Tuesday, March 01, 2005

Motion Without Motive

No, but listen. Just how did God do it? Of all his works, the most bizarre. To squeeze himself into a man?

A man who doesn't know. "Who touched me?" he asked.

(Why, you're God. You know who touched you. But he doesn't.)

So the story of the Buddha, now, that story makes sense. And that may be the real problem with it. You see, the Buddha became God, and he never looked back. Just as you'd expect.

But when I become God, it's only for a little while. One moment. Three moments. Memorably, ten moments. So actually I perform the deed I have just designated as of all God's works, the most bizarre. How do I do it? How do I do it inadvertently, casually?

Okay. That's a mystery. But not so urgent as the other mystery, which involves similar dislocations of time and space. All the instructions, all the practices -- millions of pages of teachings, voices talking ceaselessy, the dharma spoken all over the world, like the wind in the leaves -- and the advice of friends, well-meant and intelligent -- but they all fall dumb at the critical place. The infinite regress of motivation.


So wait. Back up, Dale. Are you really saying that? Is there a time when the desire is gone but the clarity is unlit, when there is motion but no motive?

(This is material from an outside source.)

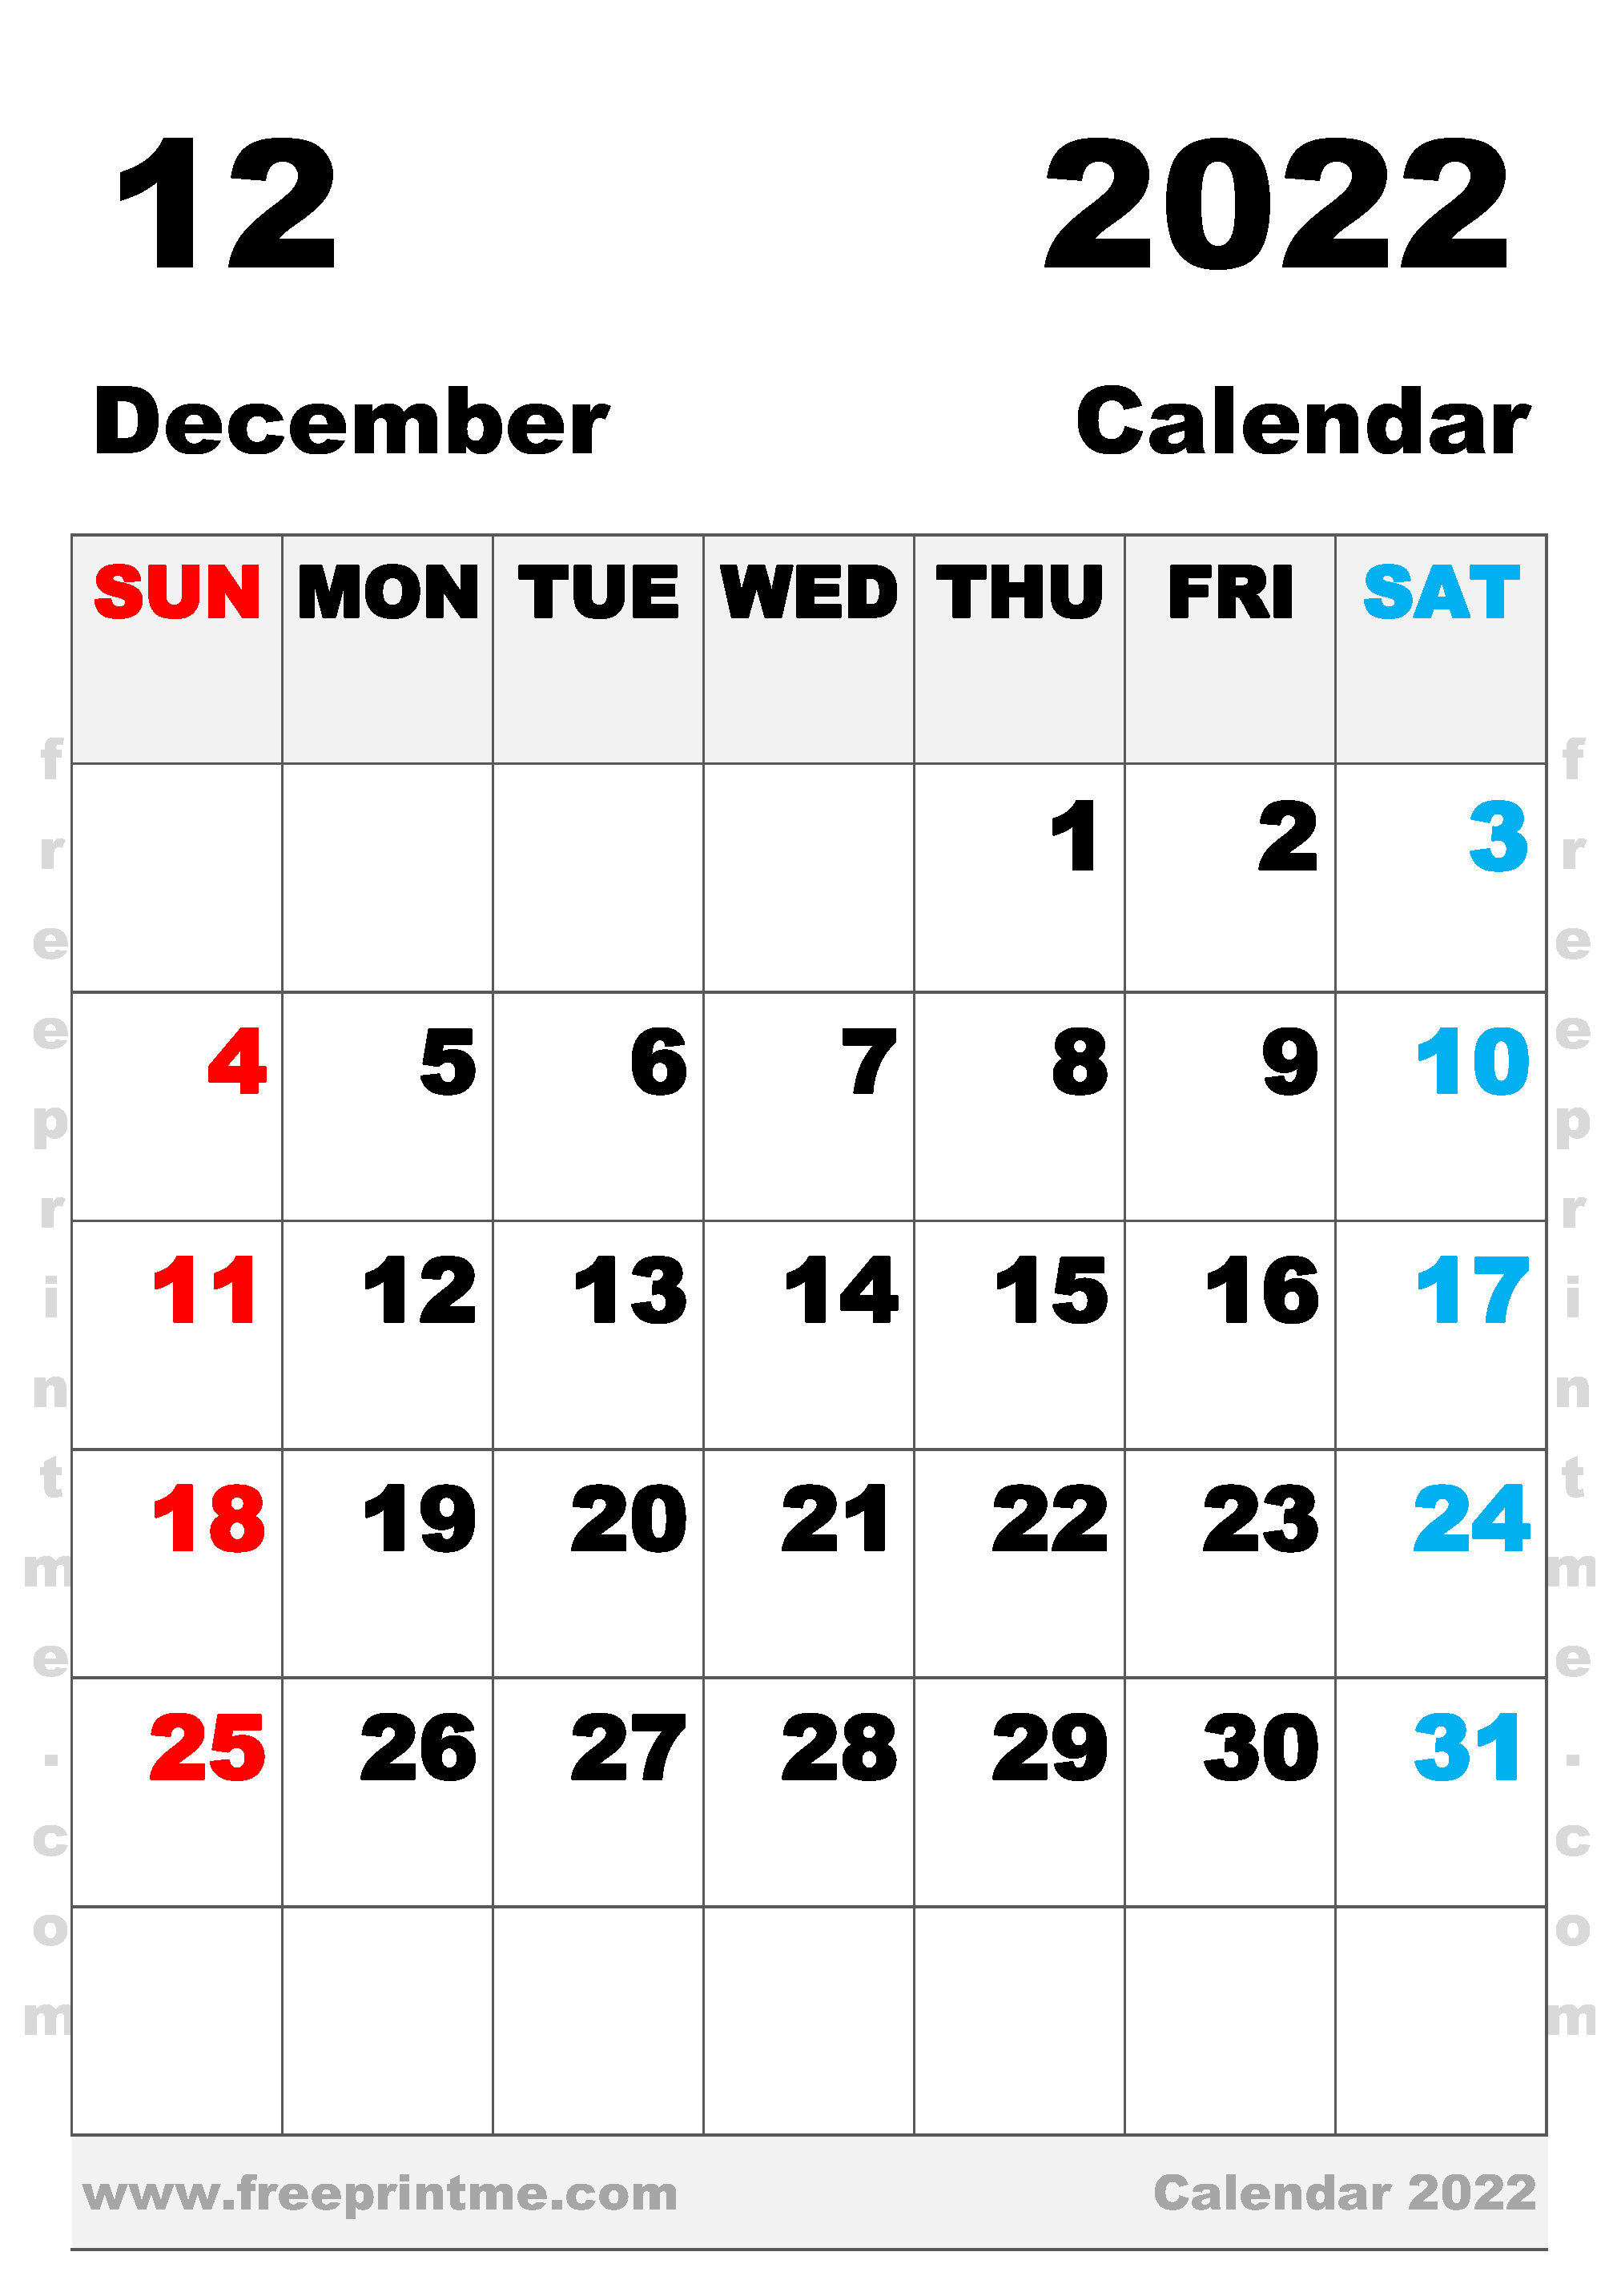 Free Printable December 2022 Calendar B4

You're scaring me. But I get good advice, sometimes, and it's like standing outside of a locked car, with someone giving me all sorts of perfectly true and useful advice about how to drive.

Yes. Yes, I'm sure that's true. Yes, I most definitely appreciate your good-will, and your learning, and your experience. But the problem is not that I don't know how to drive. It's that I can't get in the car.

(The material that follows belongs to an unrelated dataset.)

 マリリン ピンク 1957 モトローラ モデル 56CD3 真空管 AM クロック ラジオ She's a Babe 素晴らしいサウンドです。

The orthodox answer, I think, and probably the true one, is that there is no motion without motive. I'm just not looking closely enough. Or I'm looking in the wrong place. Or, most likely of all, that I can't see the key, because it's clenched in my fist.

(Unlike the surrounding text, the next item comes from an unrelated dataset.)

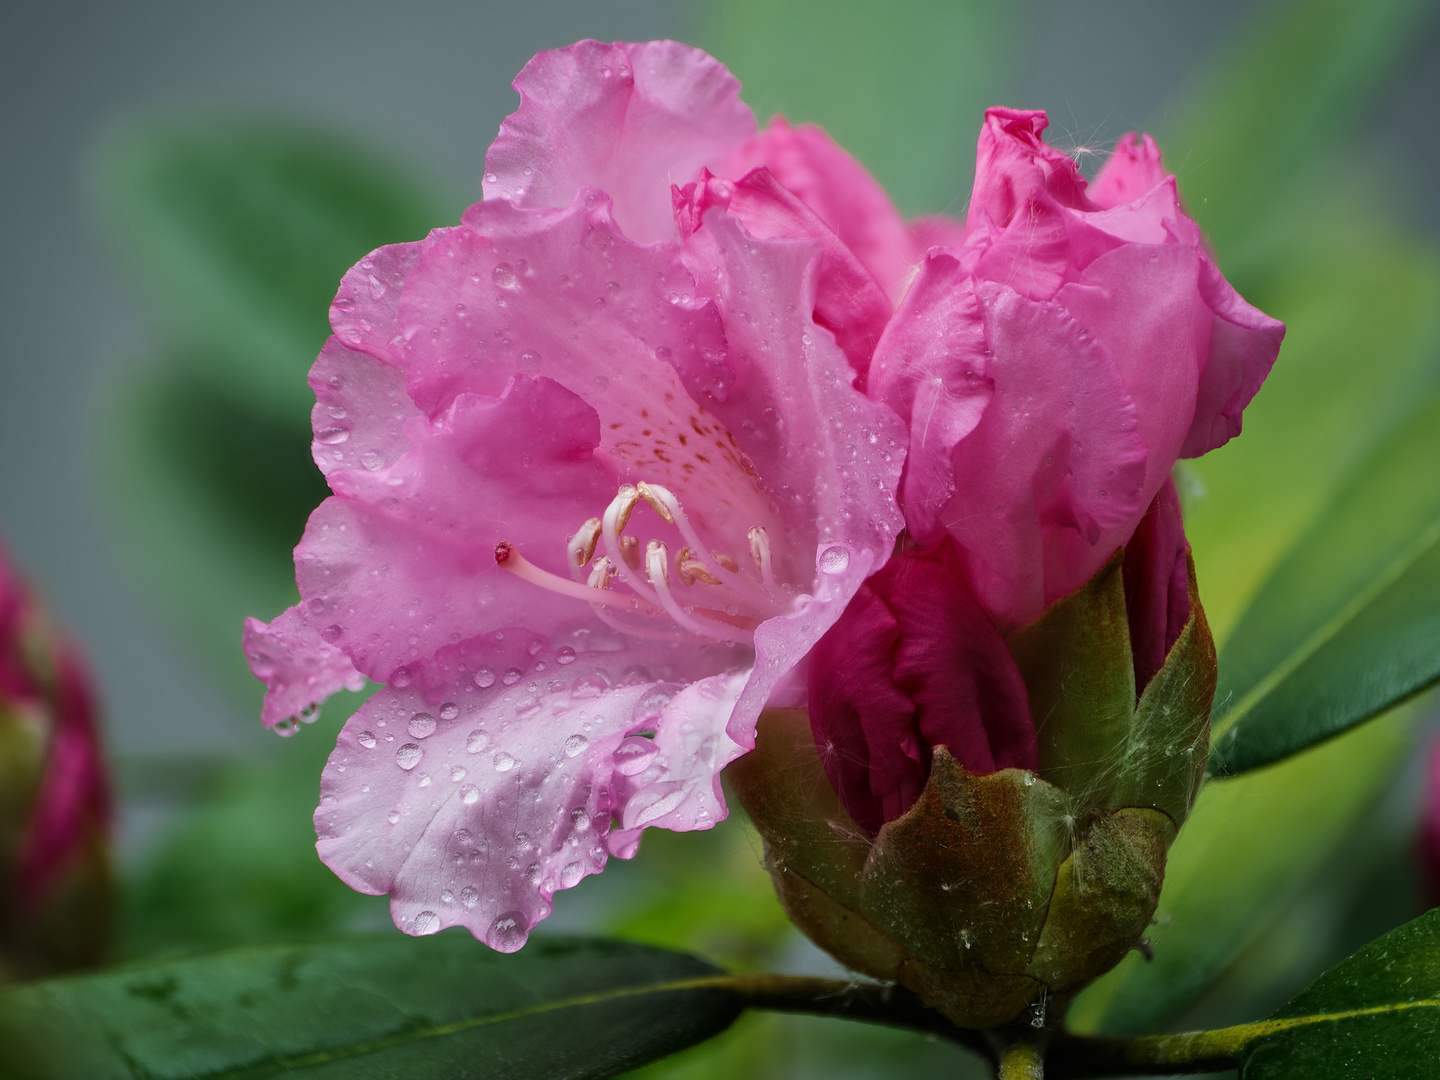 Rhododendron im Regen

But mind, now -- that seems reasonable, yes, but I can't see that it's true. My experience doesn't ratify it. It assumes that fear is a chameleon. Open my hand, and look! It looks like my hand -- but only because this creature is sitting on the key, cunningly disguised as the palm of a hand. How likely is that? Well, I think we've already established that likelihood is not going to be a useful test of truth, in this situation. Whatever the answer is, it's going to be improbable.